此刻,她看到金豆出現在她們身邊,蘇婧婷也給金豆一個擁抱:「小子,你可要看好我家芸丫頭,不能讓她受半點傷害。若是你出國看花眼,看上哪位洋妞,我可是要從上海奔到法蘭西,去揪你耳朵的。」
「放心吧,小姐,我金豆可不是那種人!」金豆抹了抹眼角,笑著對蘇婧婷說,「只是,老闆讓我好好保護你,這——」
「哎喲,我這麼大人,還要成天被看著,怪難受,你只管陪我家芸芸,好好念書。
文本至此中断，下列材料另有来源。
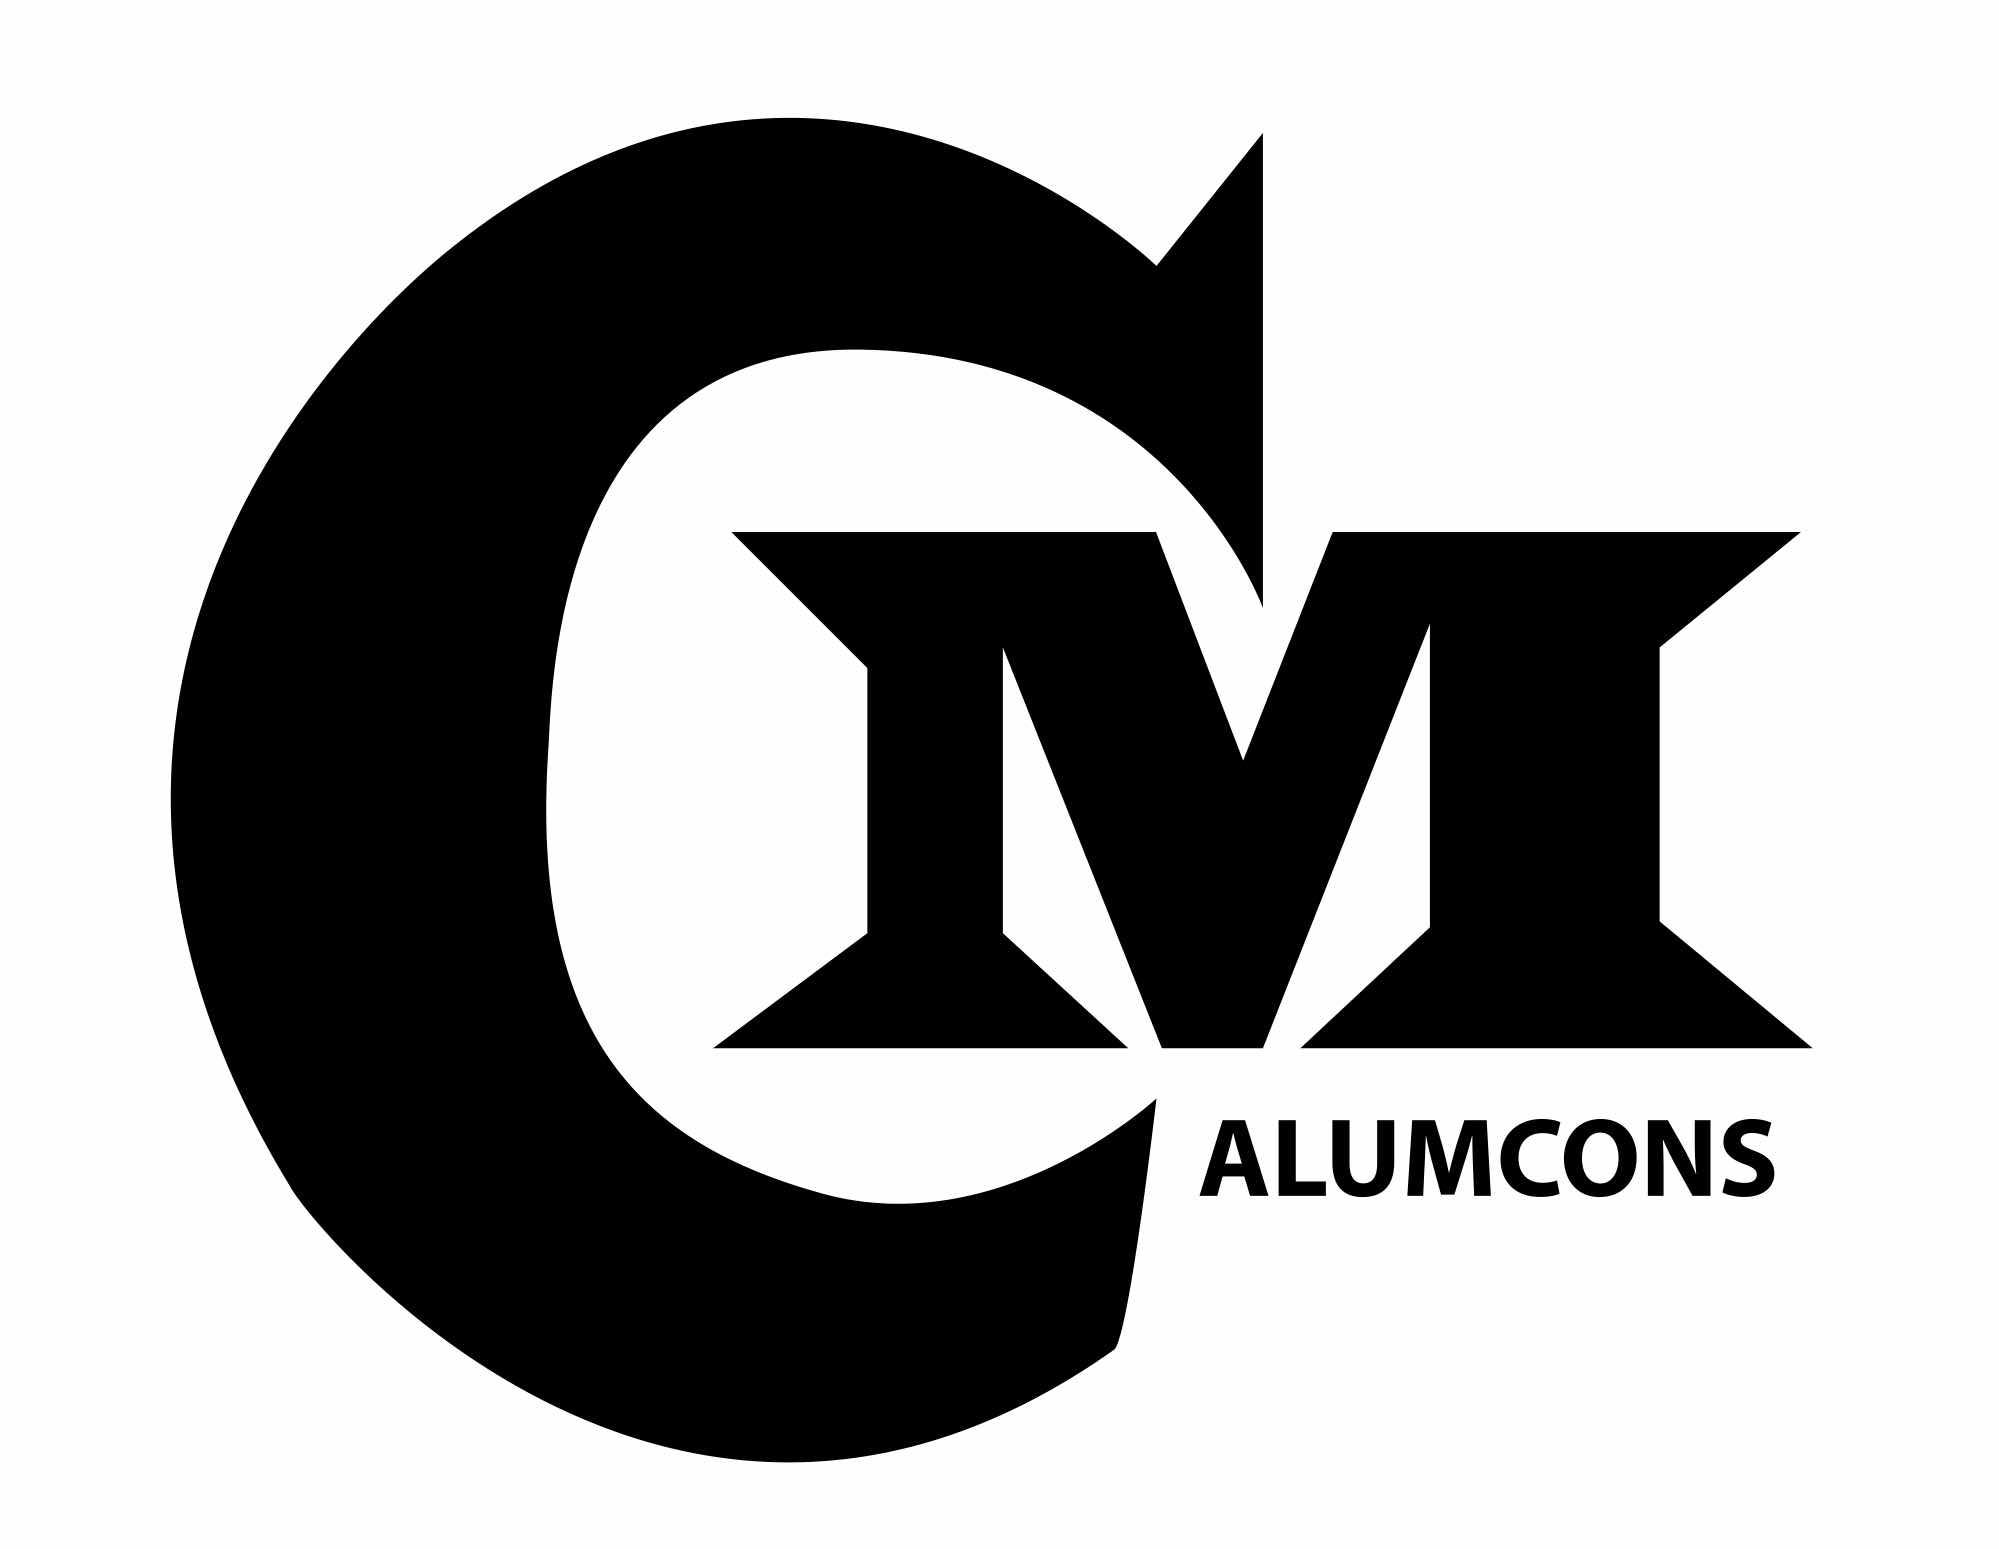 Cm Alumcons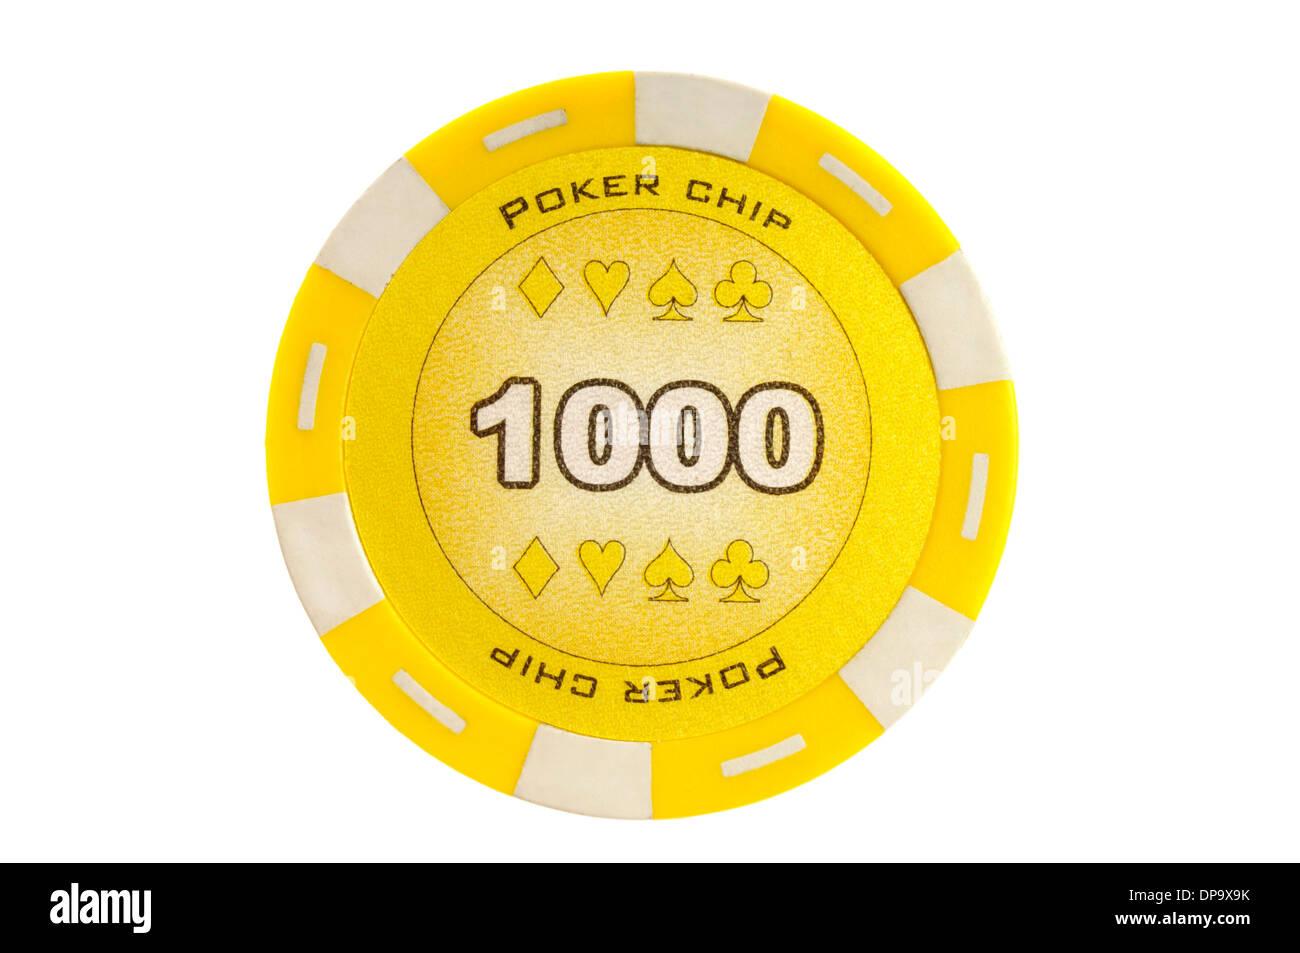 Pokerchip Stockfoto, Bild: 65371759 - Alamy

」蘇婧婷眼裡又泛著淚光,馬上又說道,「走,回頭,我給你們挑幾本書,先預習預習,走之前還可以問問我。」
就這樣,蘇婧婷在悲戚地祭奠子君後,緊接著又以萬分不舍的心情,送別了一直在身邊的好閨蜜,和成天護她周全的金豆。送別那日,艷陽高照,蘇婧婷縱有不舍,對於朋友堅定追逐夢想、把握幸福的決心,卻默默讚許,也懷著無限祝福,目送著遠洋輪船漸漸駛離港口,駛向未知的理想與青春。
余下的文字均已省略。